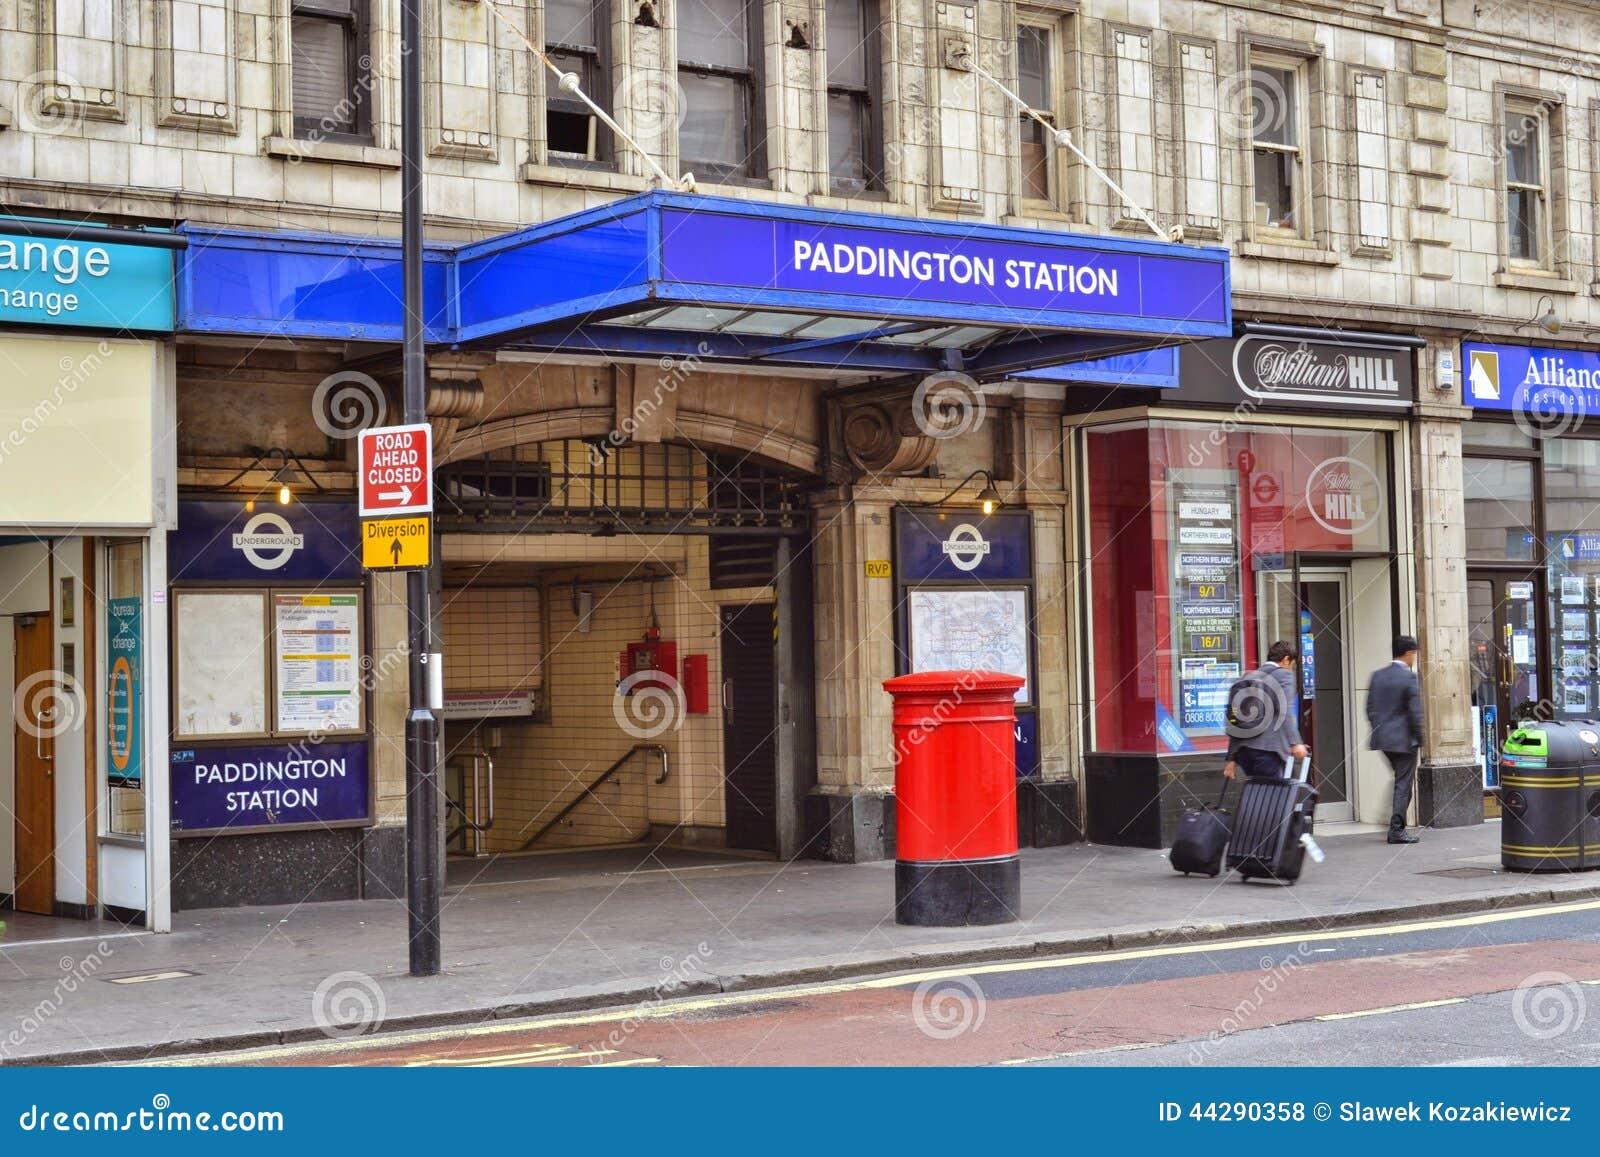 Entr e de station de m tro de londres paddington photo - Penthouse paddington londres en angleterre ...
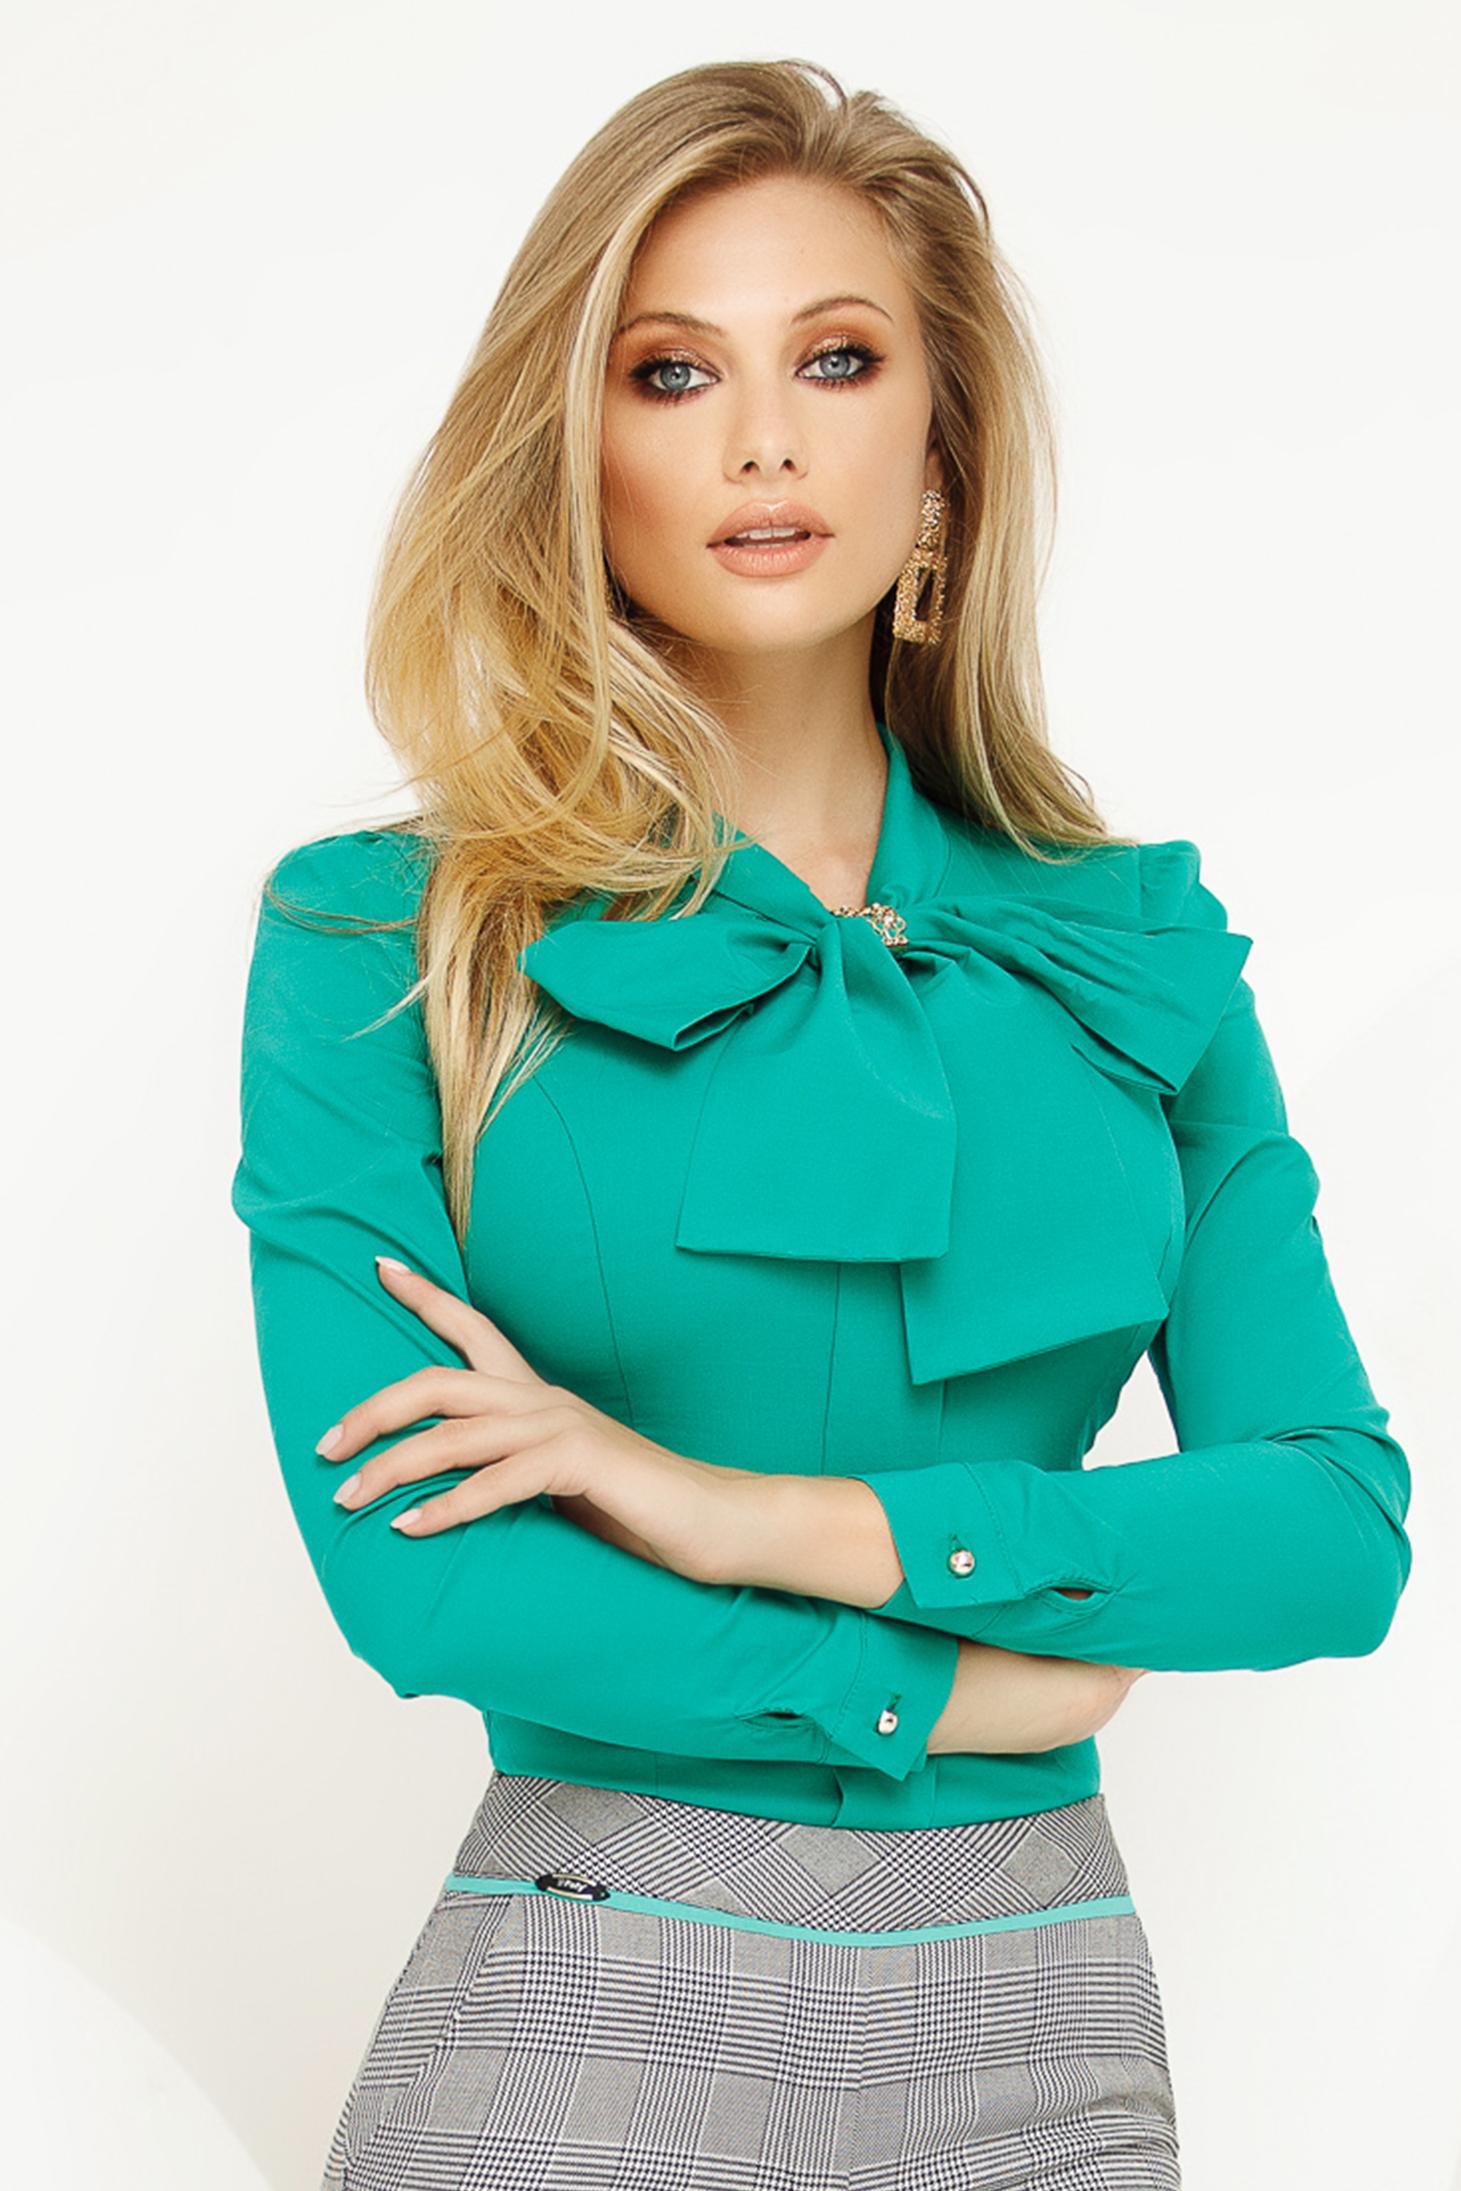 Zöld irodai női ing szűk szabású enyhén elasztikus pamut masni alakú kiegészítővel
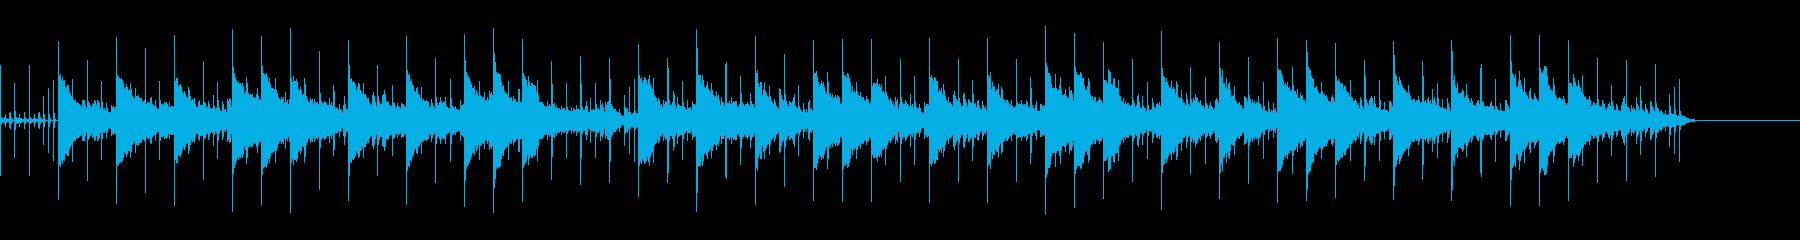 寂しい雰囲気のBGM(6/8)の再生済みの波形
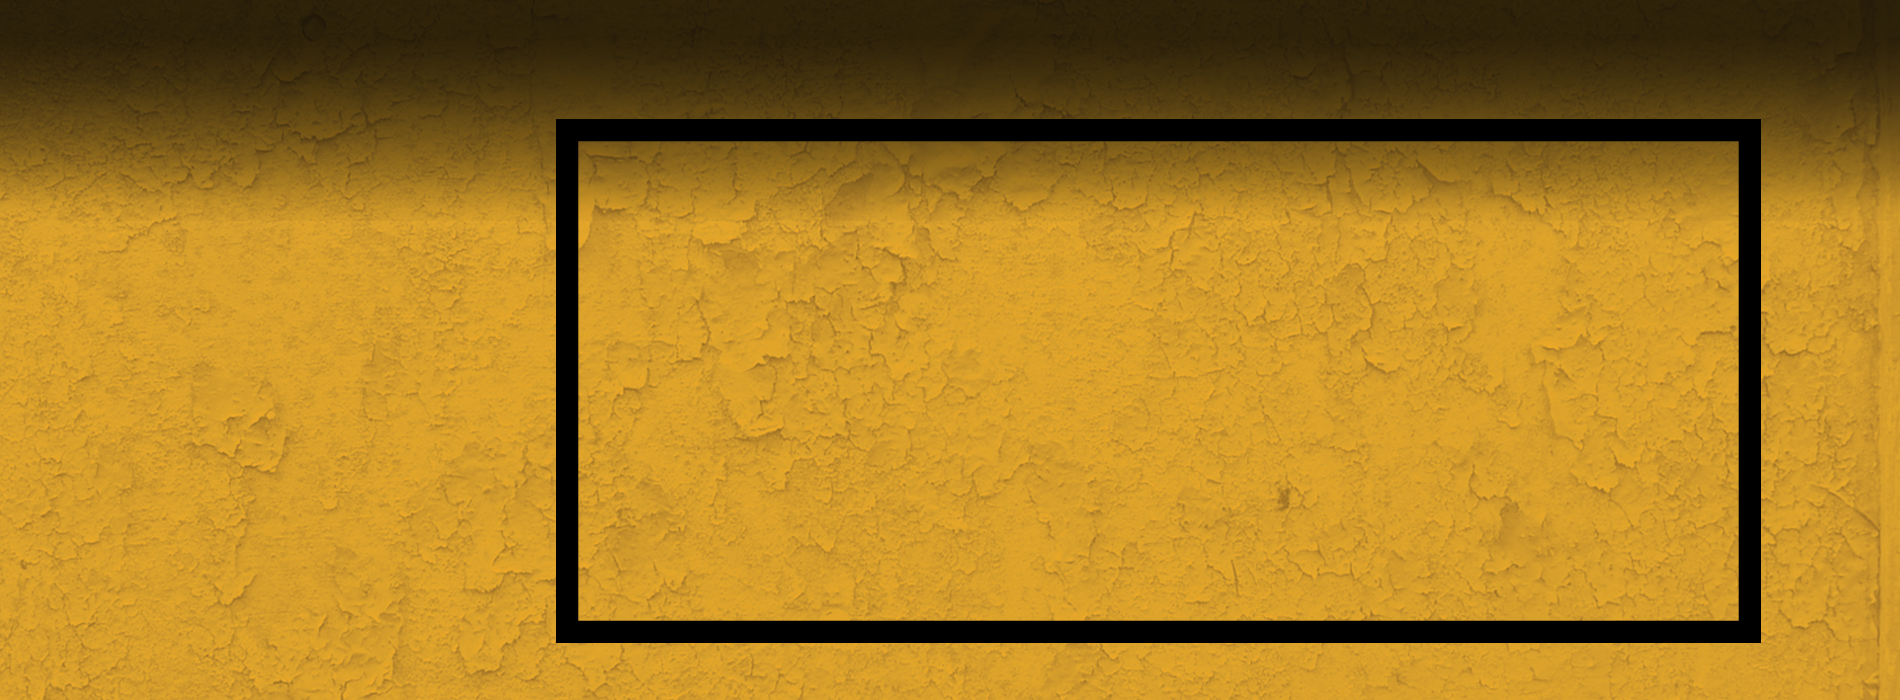 britezone-yellow-herobg

####

▸ AIM OF THE TASK: Write out the material above exactly, and omit the pictures it holds.

▸ COMPLETED EXERCISE:
 Entr e de station de m tro de londres paddington photo - Penthouse paddington londres en angleterre ...
 Zöld irodai női ing szűk szabású enyhén elasztikus pamut masni alakú kiegészítővel
 寂しい雰囲気のBGM(6/8)の再生済みの波形
 britezone-yellow-herobg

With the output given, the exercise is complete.